Some were not as positive as expressed by one person who captured a range of challenges related to the format, everyday life, and the realities of the changes we are negotiating:
“I am glad the conference was still able to be held despite the pandemic; however, the online format did not go as well as I had hoped. It was difficult to be interactive due to the different time zones. It was also a challenge still having to do other day-to-day activities, work, and school, along with attending the conference (whereas attending in person allows people to be able to focus on just the conference). I also felt like it was hard to promote presentations, and it was disappointing to not receive any feedback. It was great to be able to participate in this conference, but sadly the online format can't compete with the in-person experience”
A couple of general comments capture the overall tone of feedback that we received:
“I liked online because it was accessible across the world, but really missed that in-person experience for informal conversations.”

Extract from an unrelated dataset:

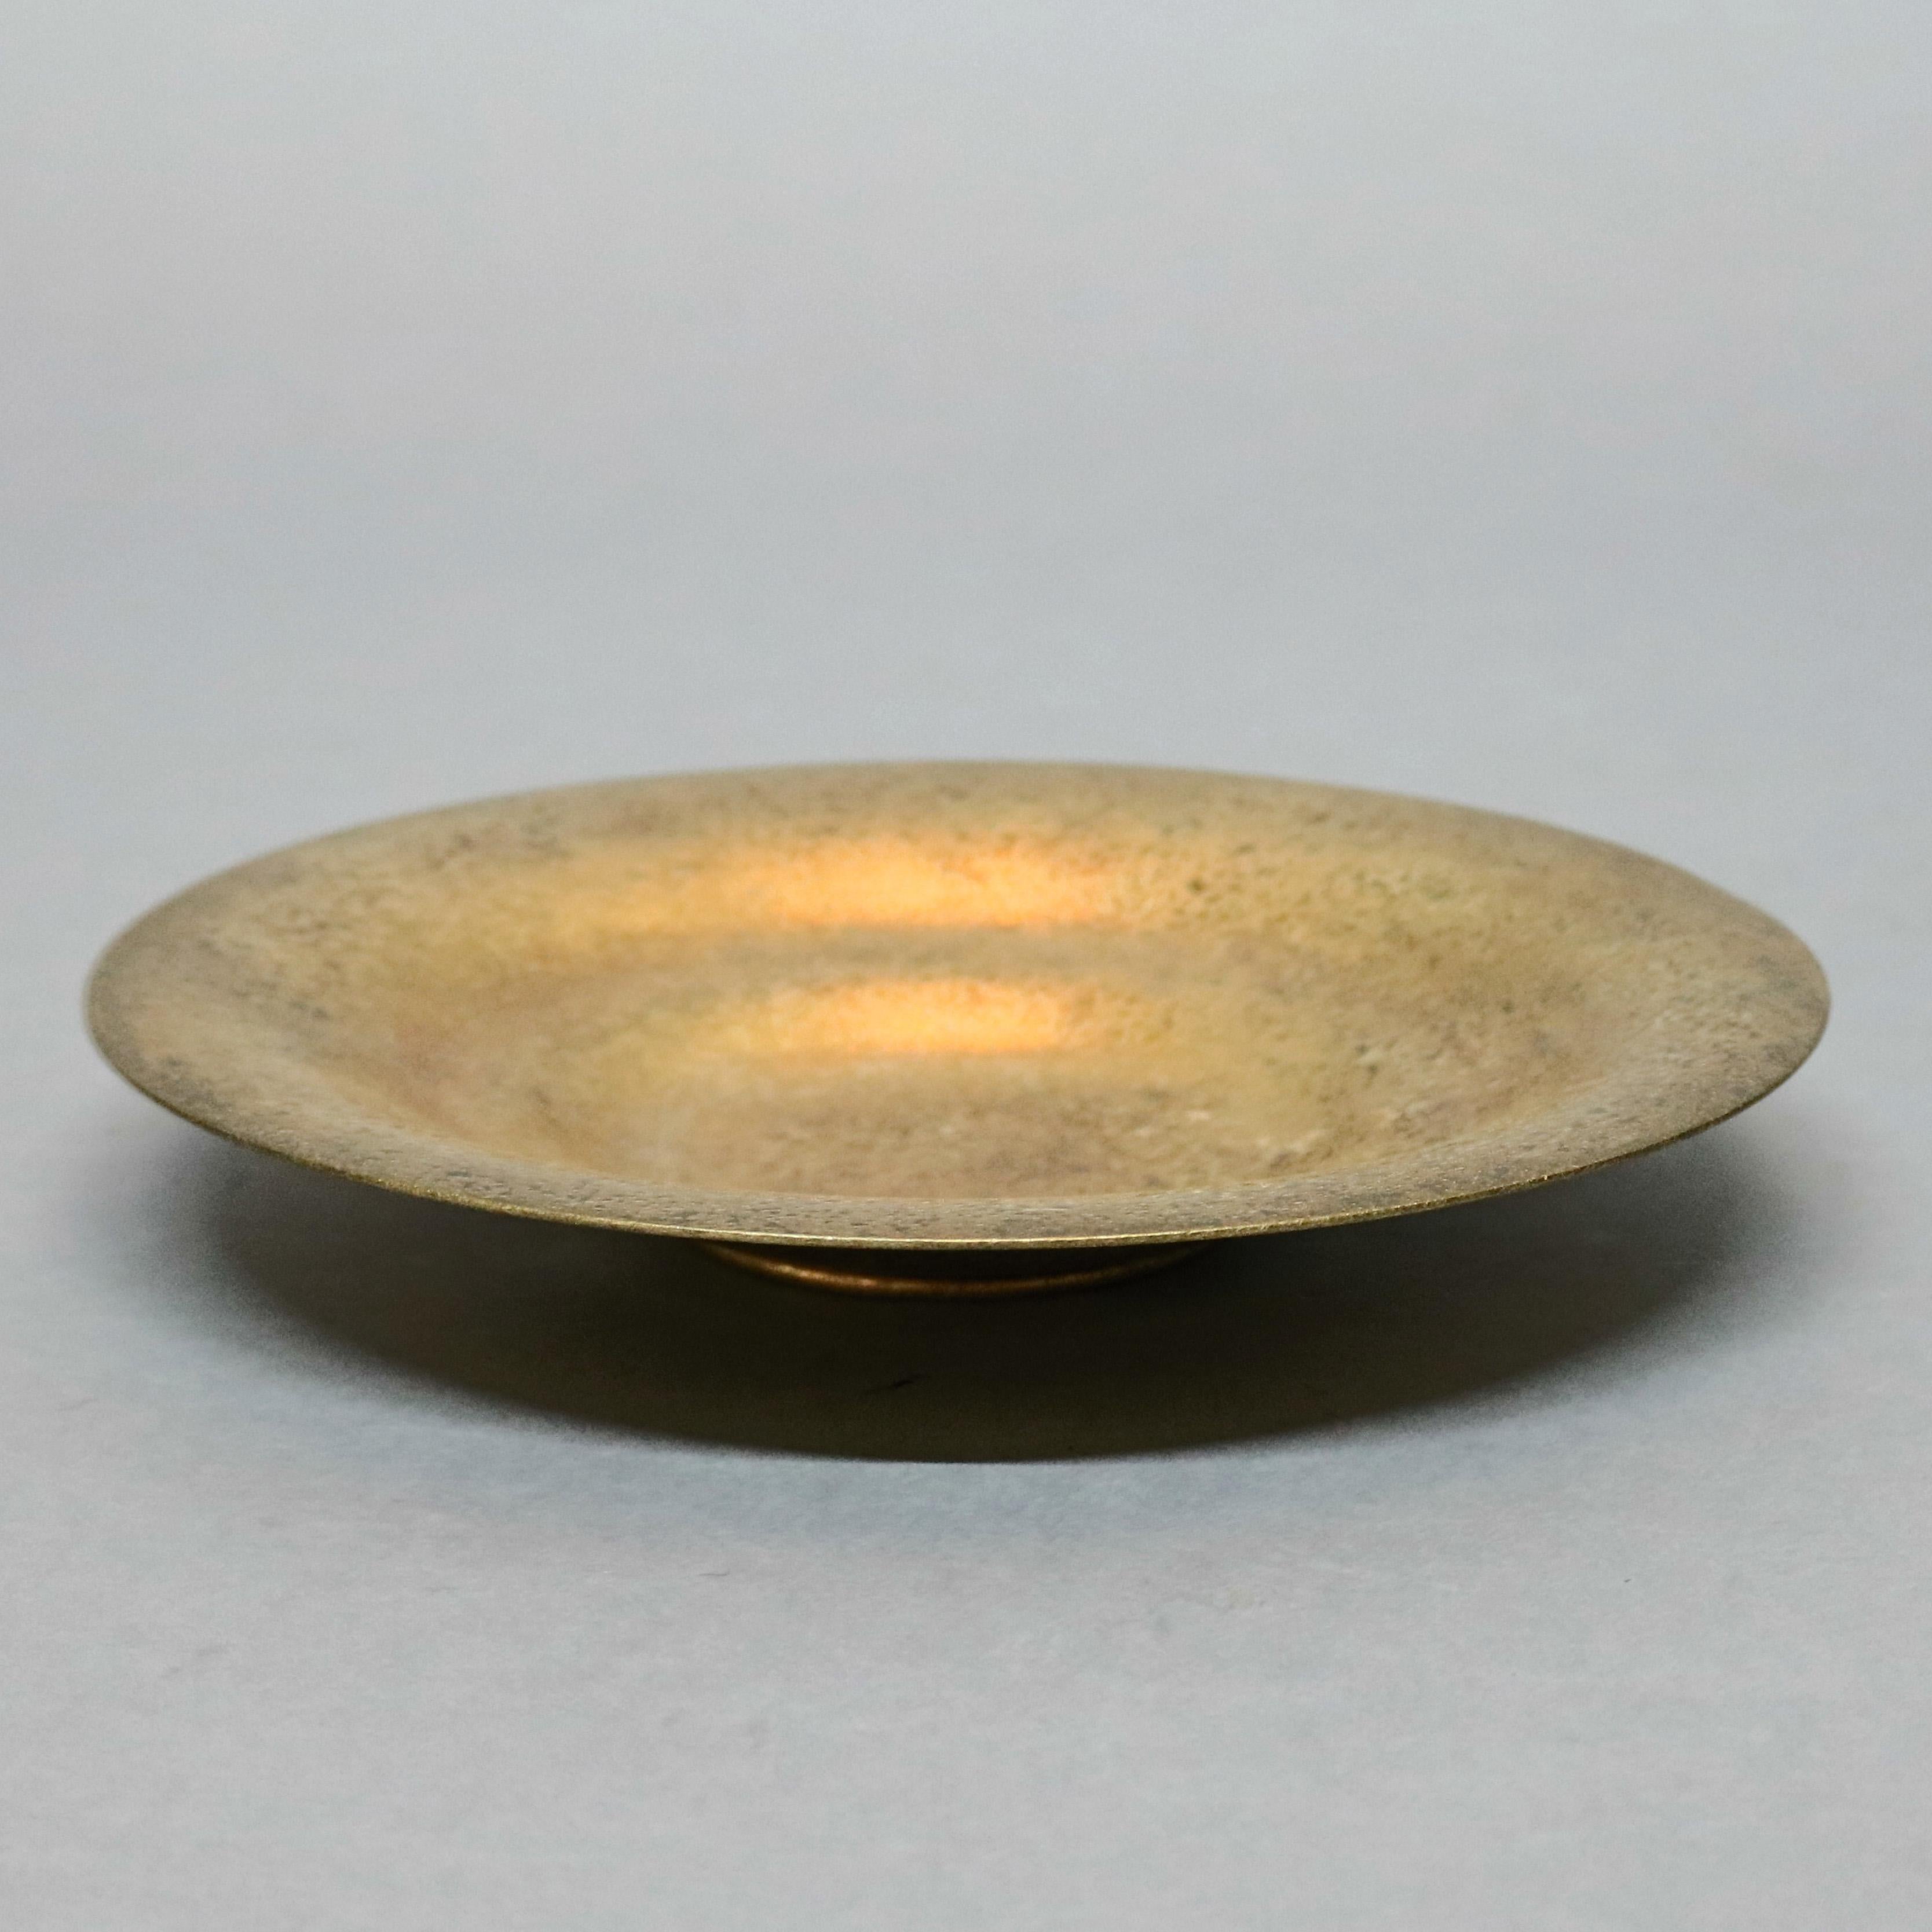 An antique Arts & Crafts Tiffany Studios plate offers bronze construction with stepped well and having textured gilt bronze doré finish, en verso stamped Tiffany Studios as photographed, circa 1910.

Measures: 1.5

“All in all it was a wonderful experience, I learnt a lot. I know it must have been a challenge to accommodate different time zones. My sessions started at 4:00 am until 6:00 am, and then they began again at 5:00 pm until 11:00 pm. I just wish next time they could begin a little later in the morning , but I understand the complexity of arranging a convenient time for everyone. Thanks for the opportunity.”
We also asked people about moving forward, and what format they would prefer to see in future events. Most people indicated a preference for a hybrid event, followed by face to face, and online/virtual.
For us, the conference was a significant achievement given the turbulent context. We learnt many valuable lessons about perseverance, creating good working relationships in our teams, thinking outside the square and trusting the expertise of respective teams brought to the table. We developed a deeper appreciation and respect for our colleagues, locally and globally, in and outside the university, who generously supported this coming together and sharing their gifts of knowledge, collegiality, and solidarity. We have all been re-energised after a tumultuous 2020, buoyed by the visions, ideas, and possibilities of critical solidarities for the future that was enacted in the lead up to and through the virtual ICCP2020.
Reference
Mignolo, W.D., & Walsh, C.E. (2018). On decoloniality: Concepts, analytics, praxis. Duke University Press.